Brain and Behavior

Sensation and Perception

How does the brain process sound?

The ear is composed of three sections, the outer ear, the middle ear, and the inner ear. The outer flap that we normally think of as the ear is called the pinna. That and the ear canal, the long inner tunnel where our wax collects, comprise the outer ear. The ear canal ends in the ear drum, a thin membrane that stretches across the back end of the ear canal. The middle ear consists of three tiny, delicate bones that transfer sound vibrations from the ear drum to the cochlea, a fluid-filled spiral that translates sound vibrations into neural activity. The cochlea and the vestibular apparatus, which senses balance and motion, comprise the inner ear. Sound vibrations are captured by the pinna, channeled back to the middle ear by the ear canal, and communicated to the cochlea via the bones of the middle ear.

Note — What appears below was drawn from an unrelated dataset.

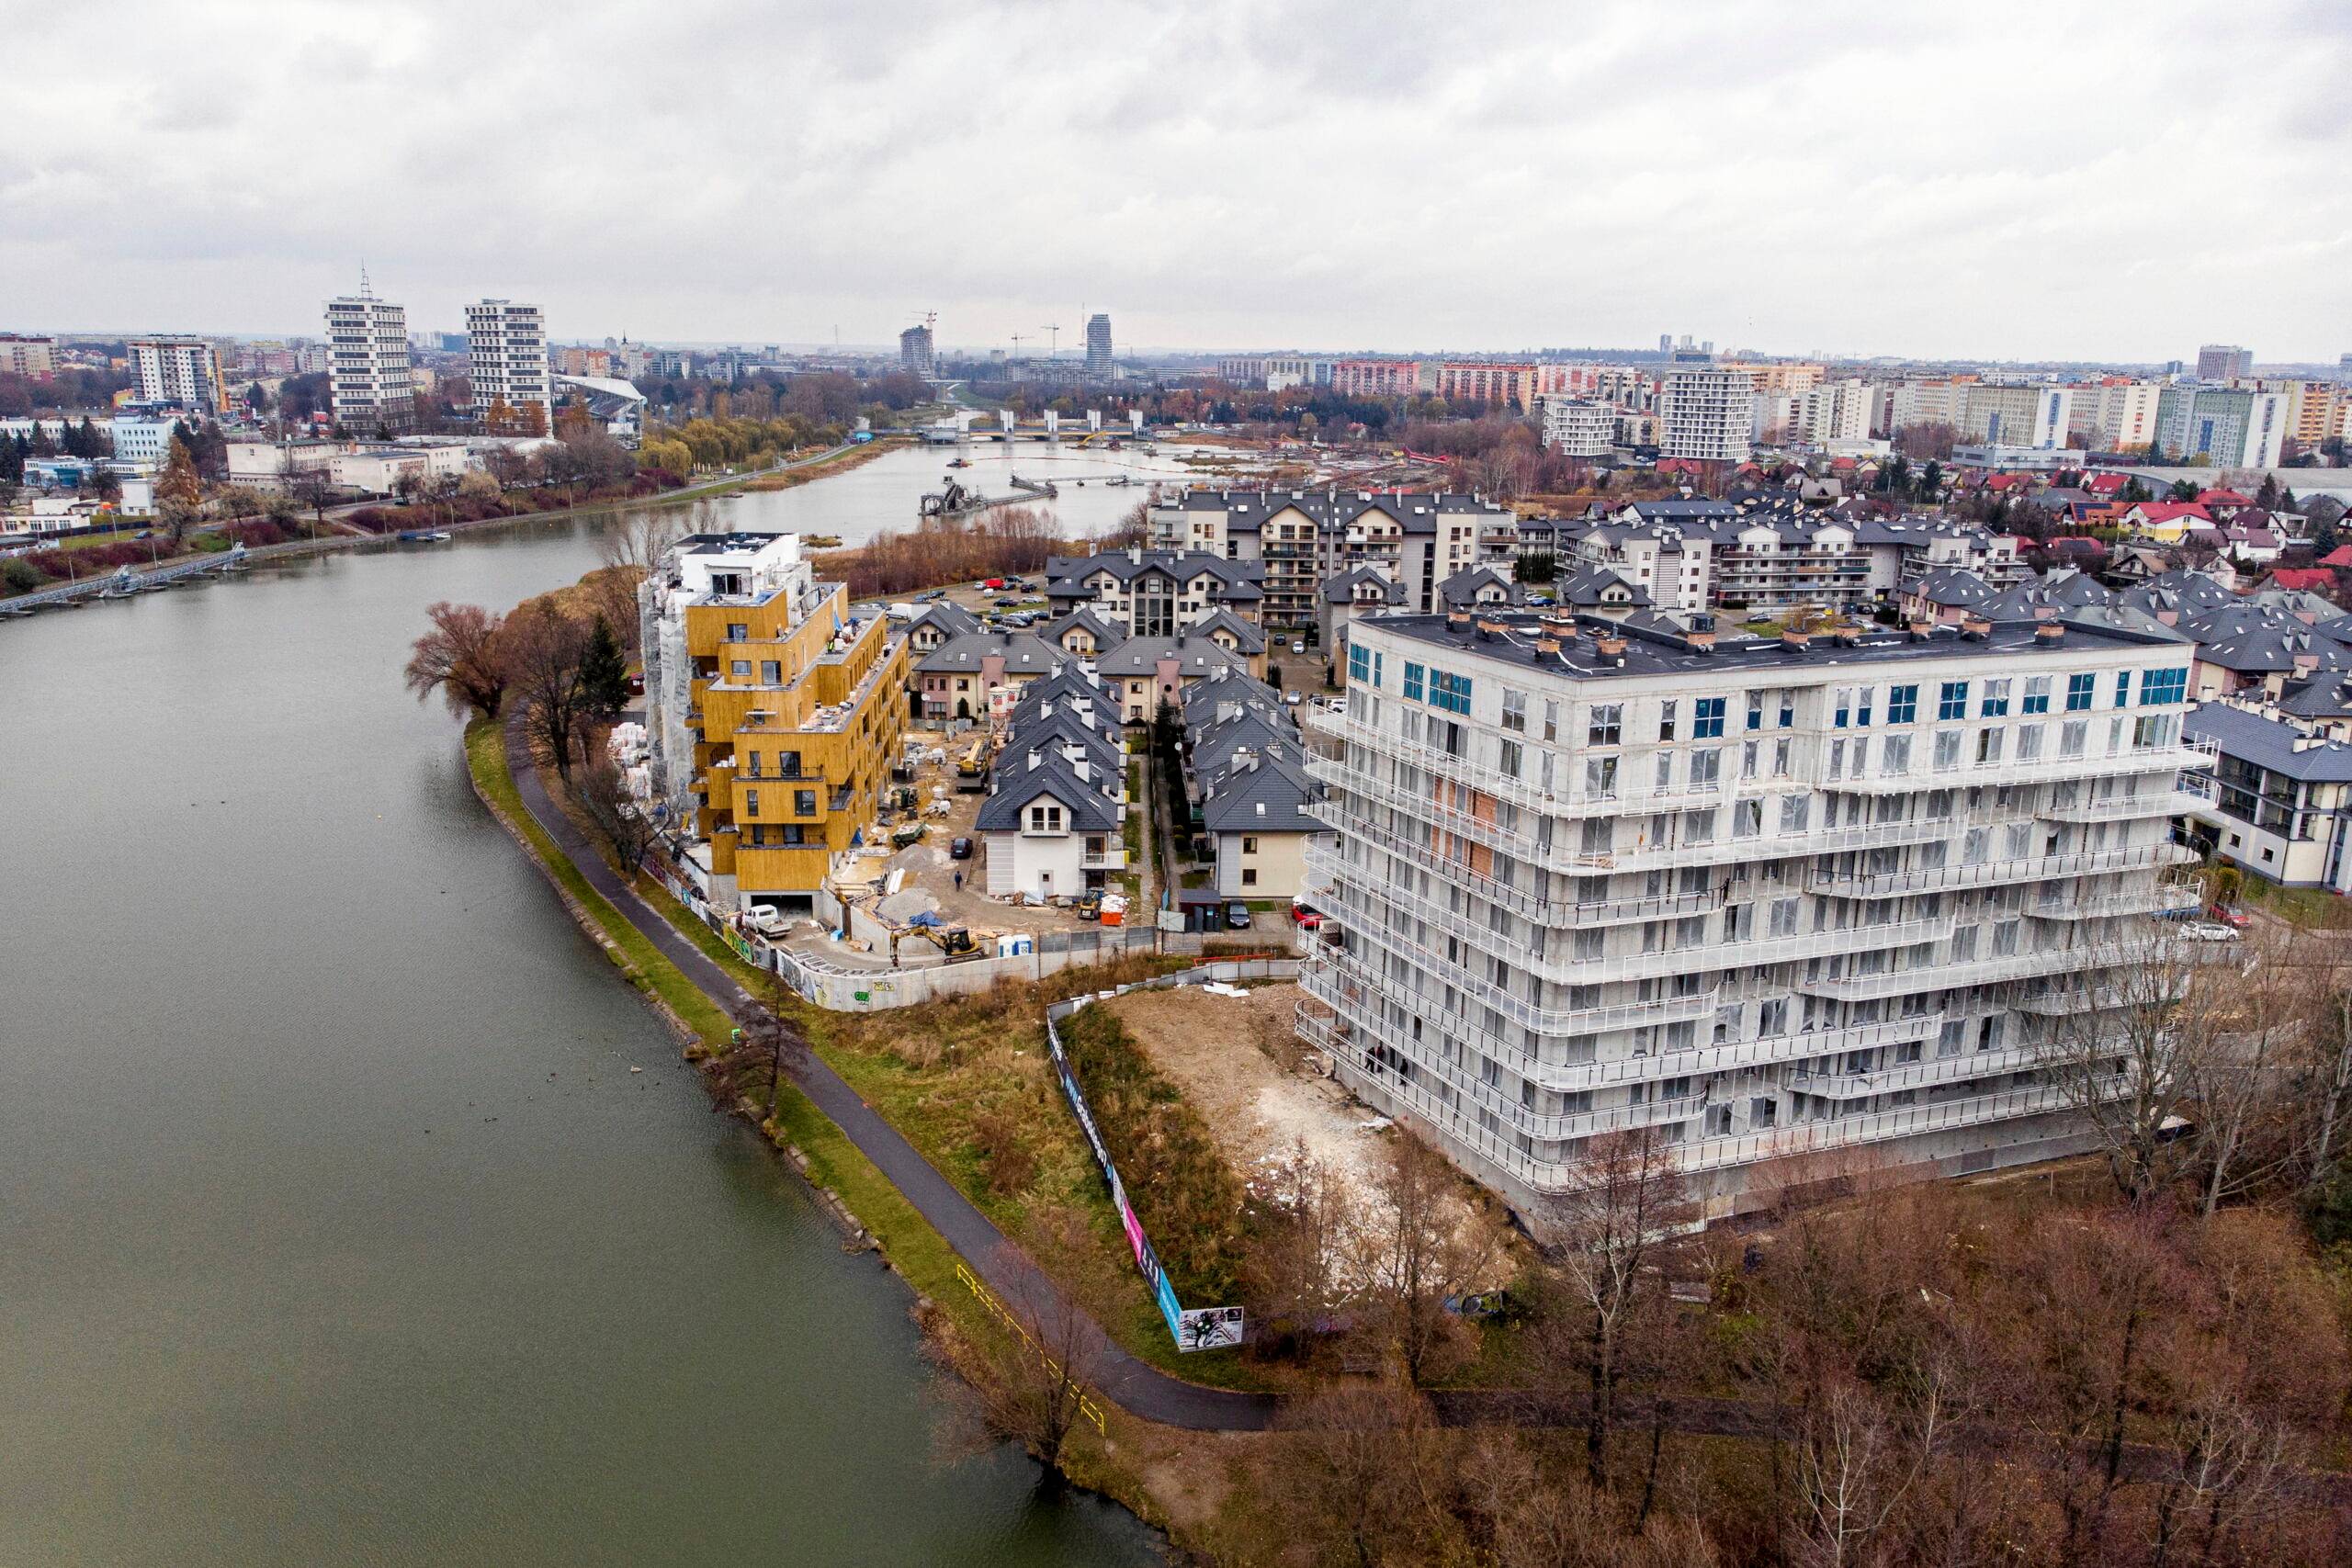 Widok na fragment Rzeszowa z nowymi budynkami nad zalewem na rzece Wisłok

The fluid-filled cochlea is lined with hair cells, a type of sensory neuron that responds to sounds of specific frequencies. High frequencies (which translate into high pitched sounds) are recorded by hair cells at the opening of the spiral cochlea, middle frequencies in the middle of the cochlea, and low frequencies by hair cells at the end of the spiral. The hair cells send information to the spinal cord, which then connects to several regions in the brain stem. Here the auditory information is processed for the timing and intensity. These neurons connect to the inferior colliculus in the mid-brain, where some further analysis takes place. The inferior colliculus connects to the gate-keeping thalamus. Finally, the auditory information enters the cortex at the primary auditory cortex (A1), located in the superior and posterior (upper rear) temporal lobe. Association areas are nearby, including the regions that deal with language.